*** Opening Information shown ***

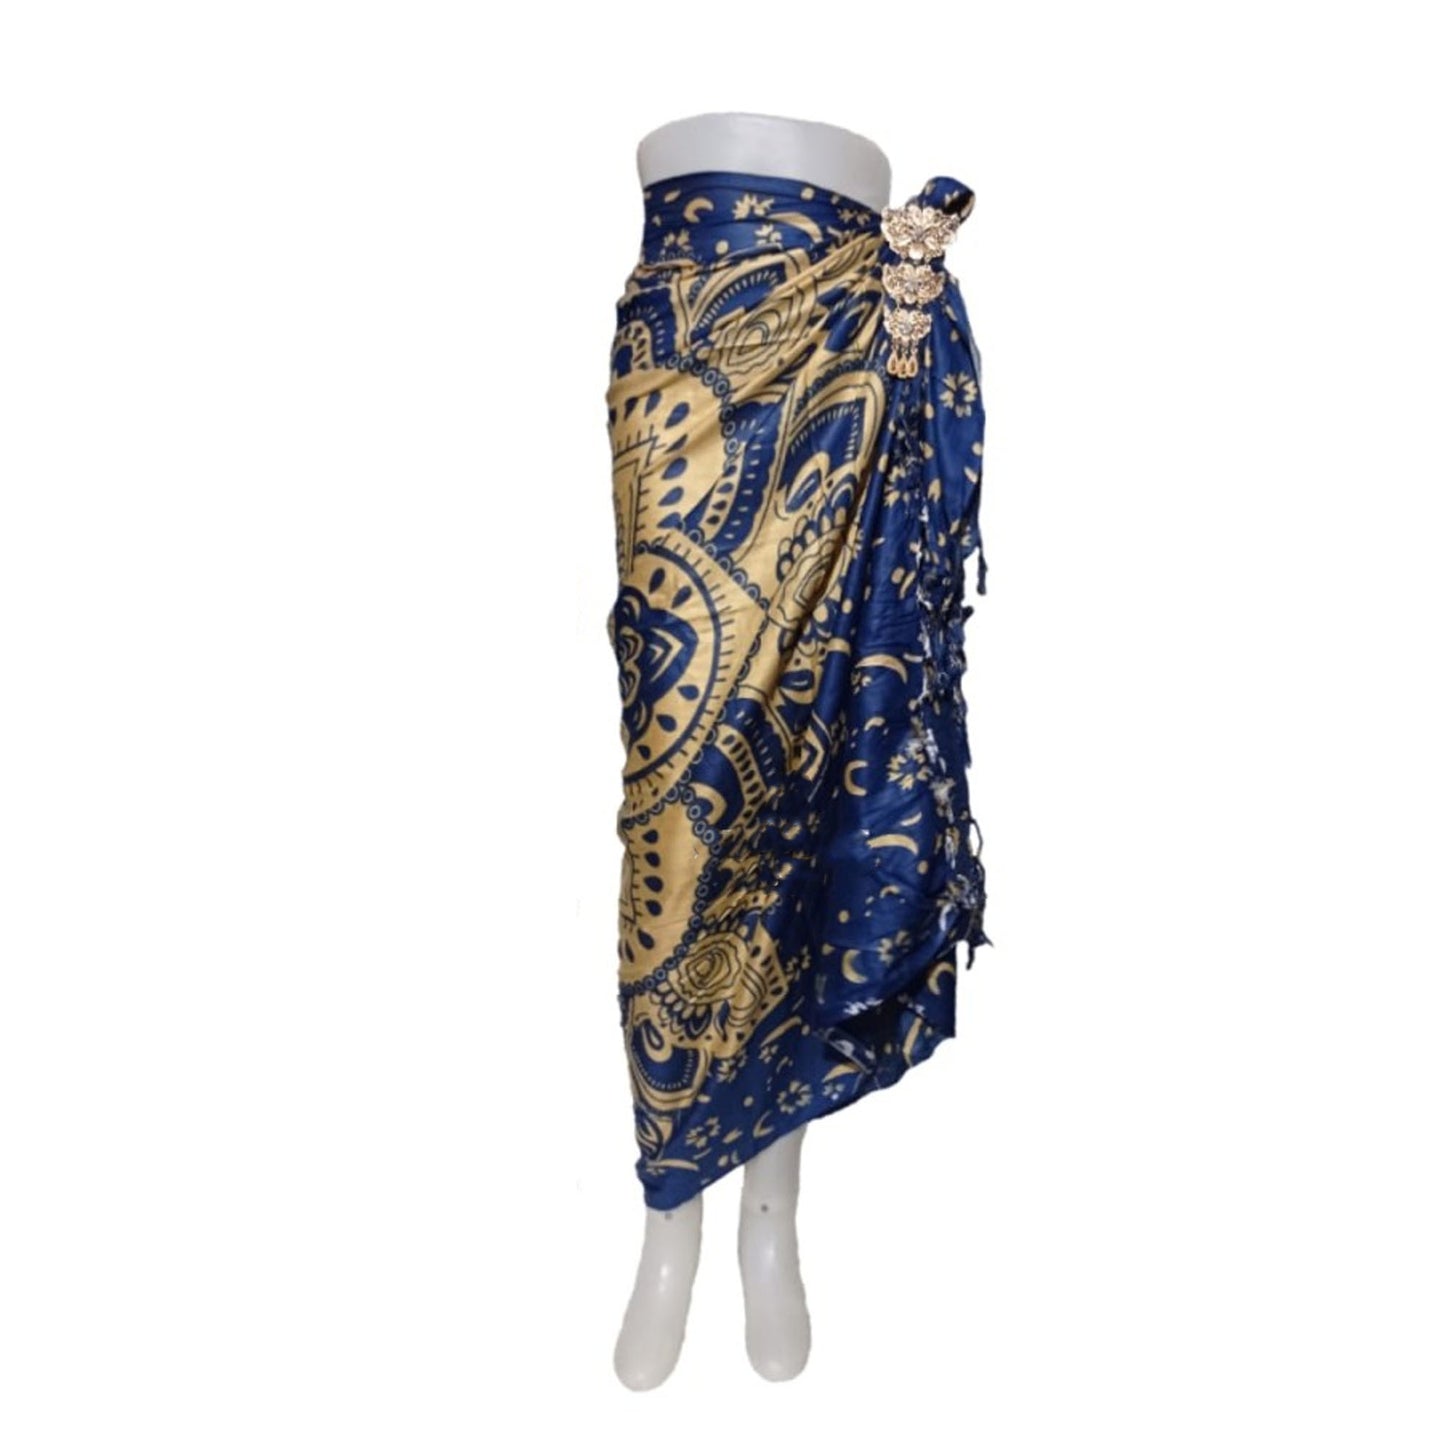 Beach Cloth / Balinese Cloth with Standard Luxury Motifs, Sarong, Beach Cover-Up, Balinese Beach Wrap, Beach Sarong, Pareo
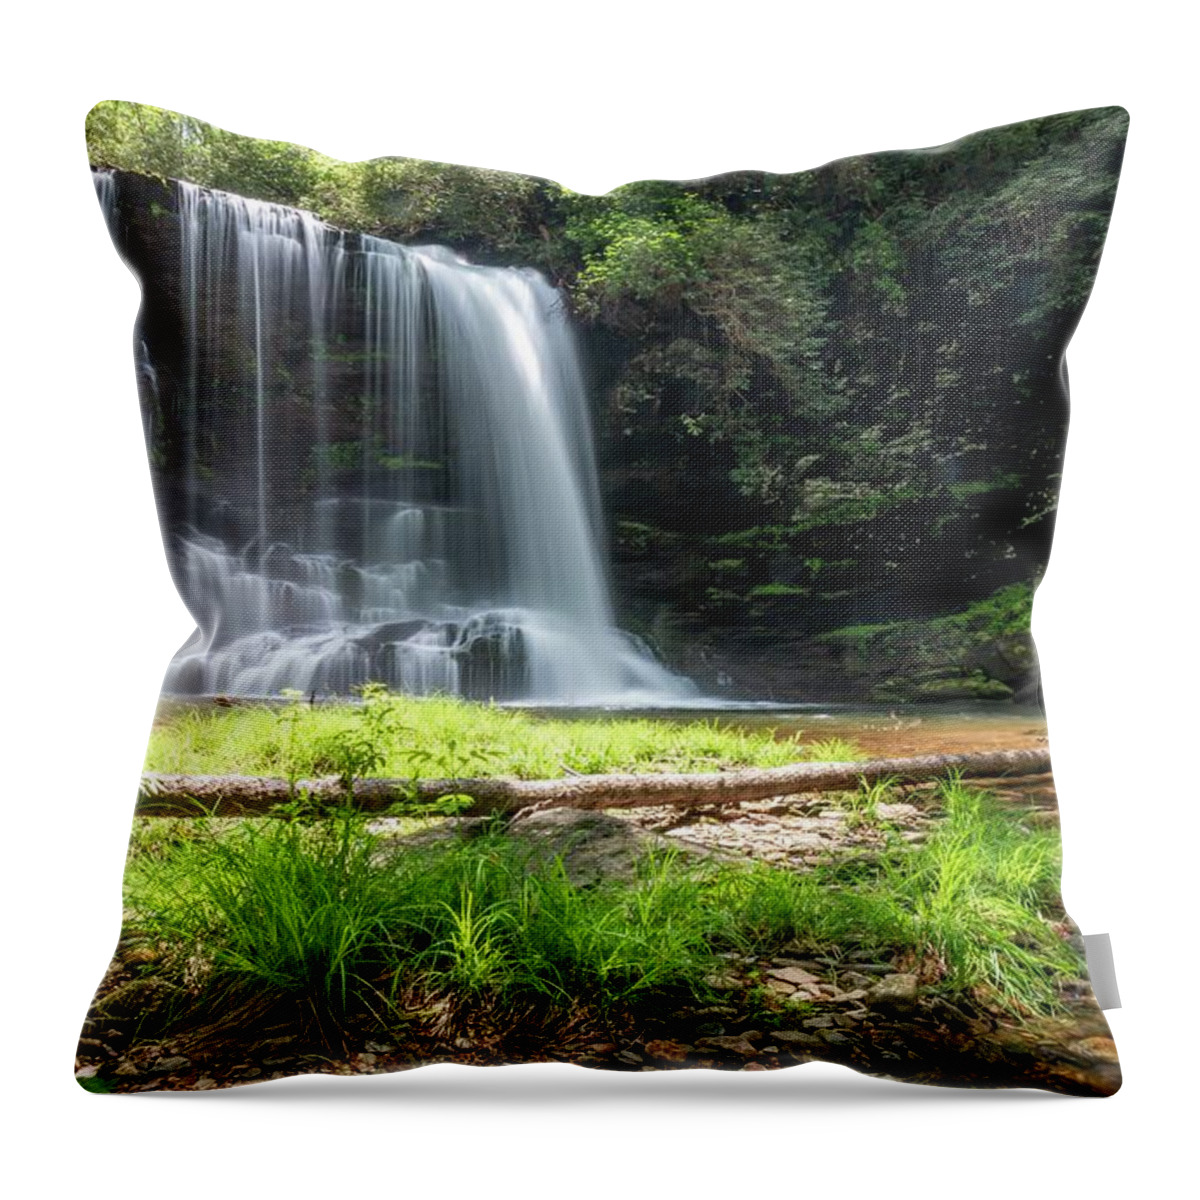 Landscape Throw Pillow featuring the photograph Lower Bearwallow Falls by Chris Berrier
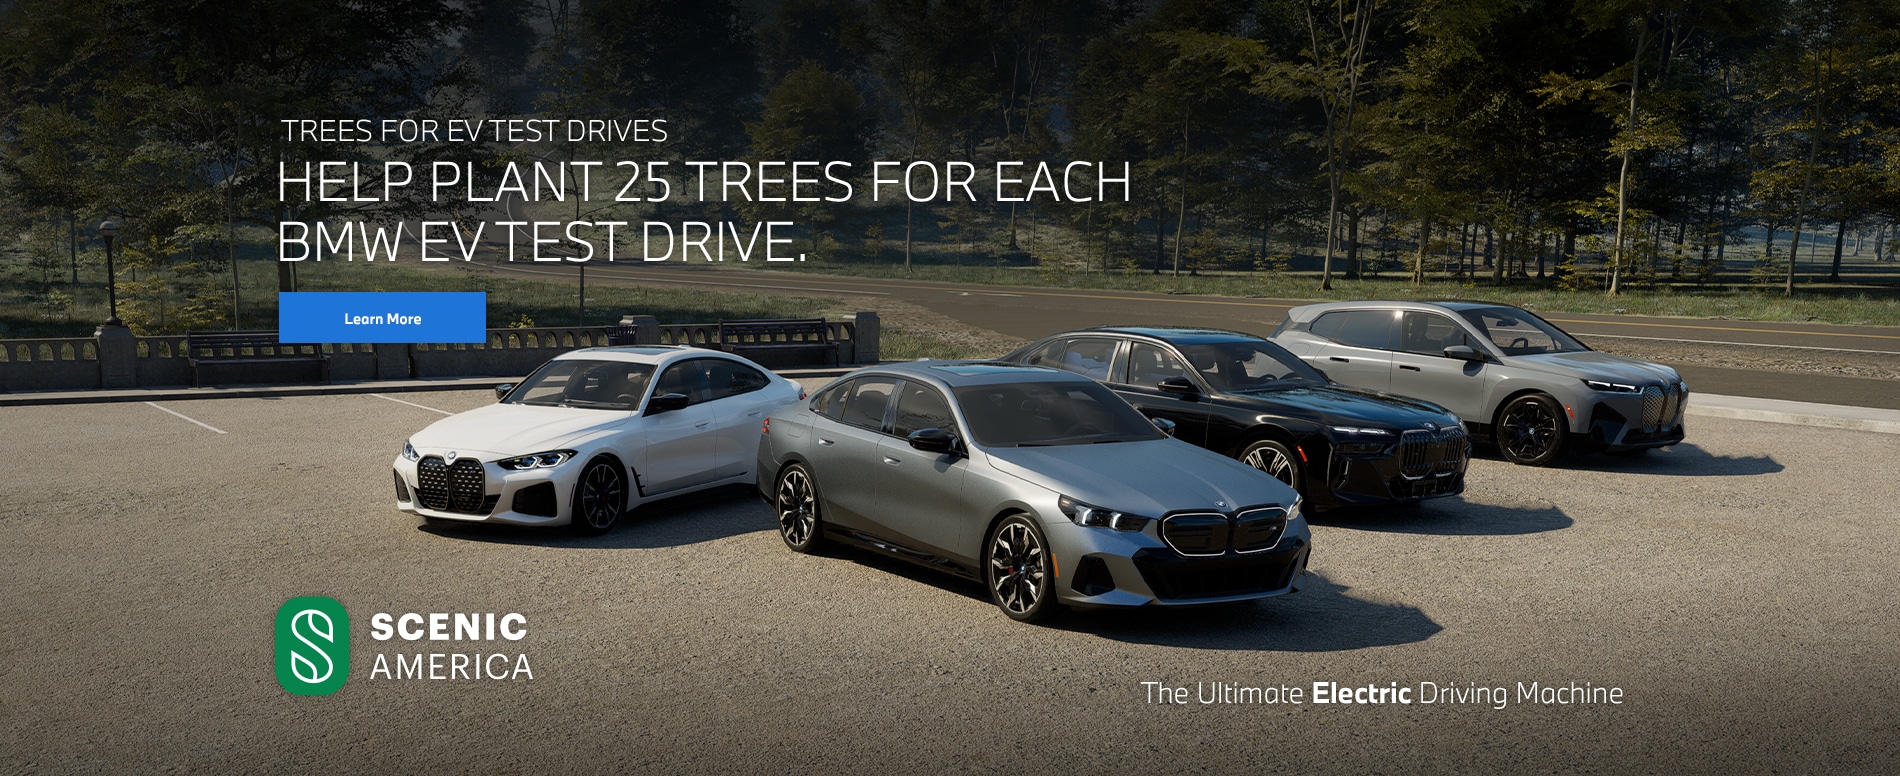 EV Test Drive Trees

*** Closing Information shown ***

:: Task ::
Apart from the images, every line above needs to be printed again exactly.

:: Finished exercise ::
 Beach Cloth / Balinese Cloth with Standard Luxury Motifs, Sarong, Beach Cover-Up, Balinese Beach Wrap, Beach Sarong, Pareo
 Landscape Throw Pillow featuring the photograph Lower Bearwallow Falls by Chris Berrier
 EV Test Drive Trees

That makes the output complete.